Another modification of sensory setae is supposed to be associated with the sense of smell. In nearly all Crustacea the antennules and often also the antennae bear groups of hair-like filaments in which the chitinous cuticle is extremely delicate and which do not taper to a point but end bluntly. These are known as olfactory filaments or aesthetascs. They are very often more strongly developed in the male sex, and are supposed to guide the males in pursuit of the females.

_Glands._--In addition to the digestive and excretory glands already mentioned, various glandular structures occur in the different groups of Crustacea. The most important of these belong to the category of dermal glands, and may be scattered over the surface of the body and limbs, or grouped at certain points for the discharge of special functions. Such glands occurring on the upper and lower lips or on the walls of the oesophagus have been regarded as salivary. In some Amphipoda the secretion of glands on the body and limbs is used in the construction of tubular cases in which the animals live. In some freshwater Copepoda the secretion of the dermal glands forms a gelatinous envelope, by means of which the animals are able to survive desiccation. In certain Copepoda and Ostracoda glands of the same type produce a phosphorescent substance, and others, in certain Amphipoda and Branchiura, are believed to have a poisonous function. Possibly related to the same group of structures are the greatly-developed cement-glands of the Cirripedia, which serve to attach the animals to their support.

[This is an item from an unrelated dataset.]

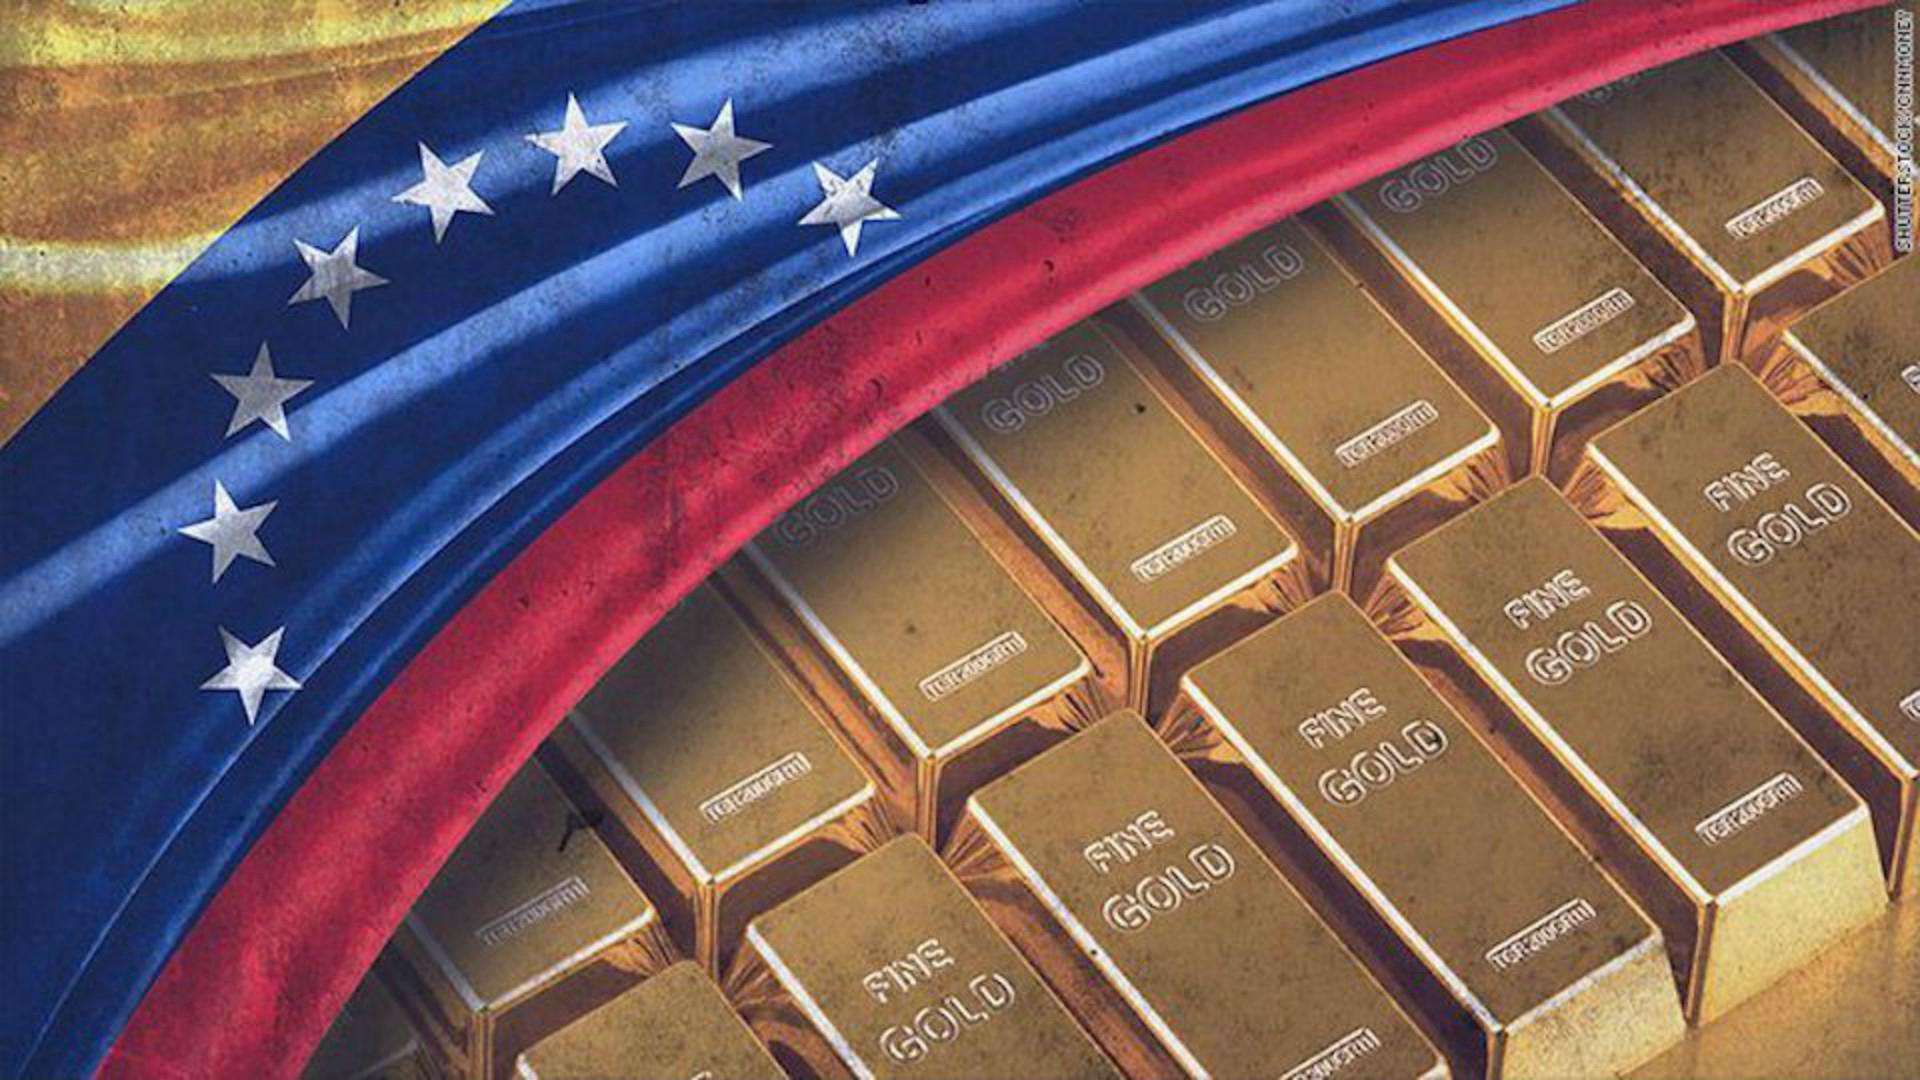 英国拒绝委内瑞拉取回黄金!中国在美国还存有600吨,要拿回来么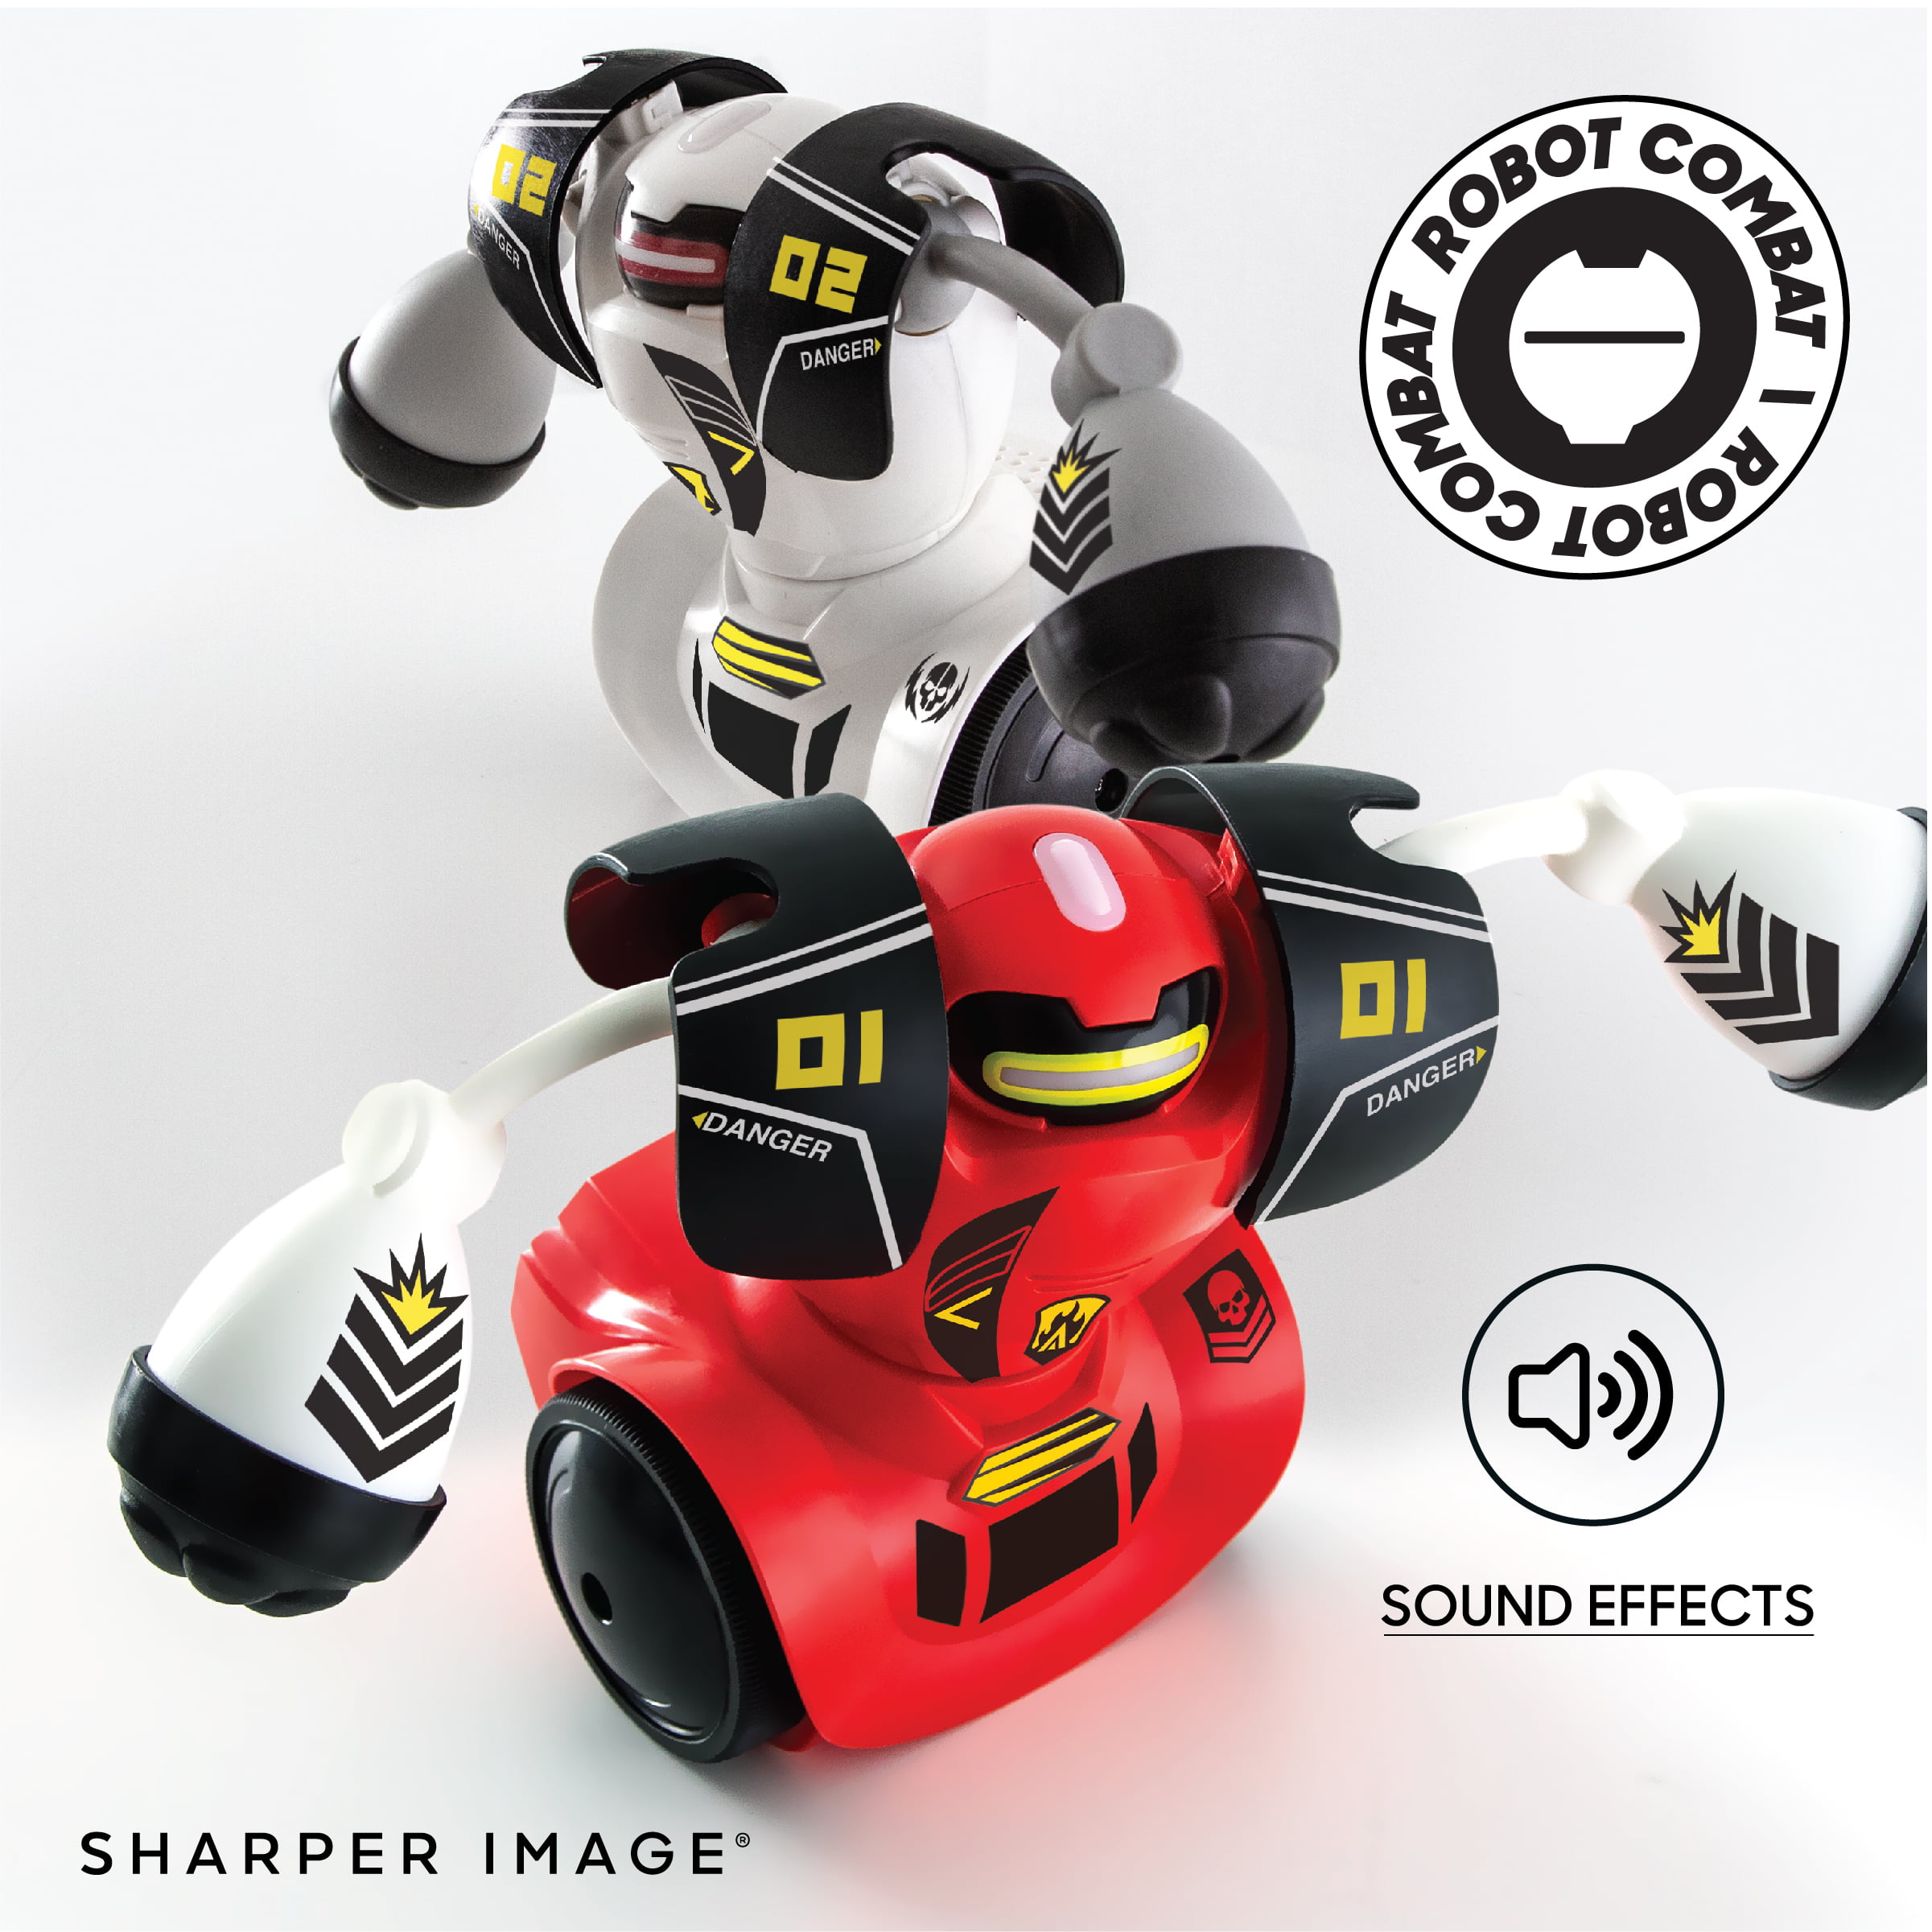 2 Battlebots Rc-remote Control Robot Sharper Image Multiplayer Combat Toy Works for sale online

_Phosphorescent Organs._--Many Crustacea belonging to very different groups (Ostracoda, Copepoda, Schizopoda, Decapoda) possess the power of emitting light. In the Ostracoda and Copepoda the phosphorescence, as already mentioned, is due to glands which produce a luminous secretion, and this is the case also in certain members of the Schizopoda and Decapoda. In other cases in the last two groups, however, the light-producing organs found on the body and limbs have a complex and remarkable structure, and were formerly described as accessory eyes. Each consists of a globular capsule pierced at one or two points for the entrance of nerves which end in a central cup-shaped "striated body." This body appears to be the source of light, and has behind it a reflector formed of concentric lamellae, while, in front, in some cases, there is a refracting lens. The whole organ can be rotated by special muscles. Organs of this type are best known in the _Euphausiidae_ among the Schizopoda, but a modified form is found in some of the lower Decapods.